The line with "Donne abbigliate in", the line with "PENTAX-PIL-40-125-15-IR", and all lines between them in the material below: return these exactly, and no others.

-- SUPPLIED INFORMATION follows --

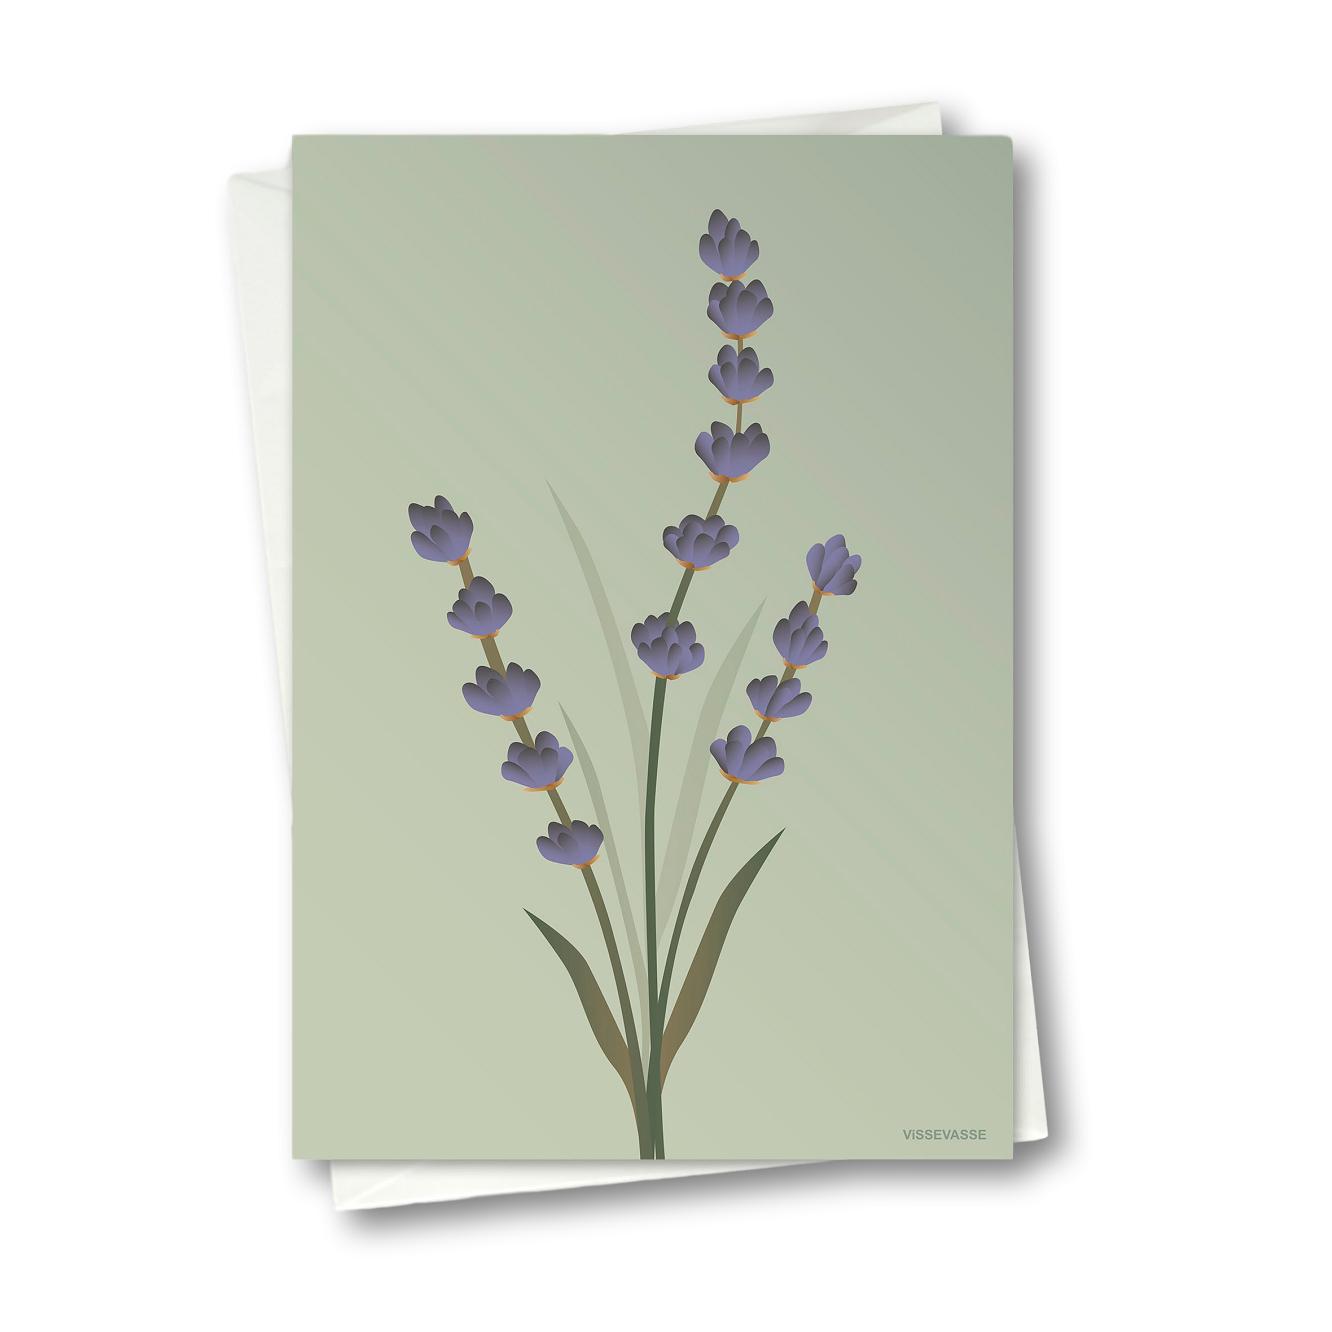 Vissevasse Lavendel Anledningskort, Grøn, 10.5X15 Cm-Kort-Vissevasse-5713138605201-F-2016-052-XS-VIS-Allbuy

-- SUPPLIED INFORMATION concluded --
-- SUPPLIED INFORMATION follows --

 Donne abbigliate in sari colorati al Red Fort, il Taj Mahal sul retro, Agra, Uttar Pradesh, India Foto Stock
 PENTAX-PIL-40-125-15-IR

-- SUPPLIED INFORMATION concluded --

> **WRITTEN ANSWER**:
 Donne abbigliate in sari colorati al Red Fort, il Taj Mahal sul retro, Agra, Uttar Pradesh, India Foto Stock
 PENTAX-PIL-40-125-15-IR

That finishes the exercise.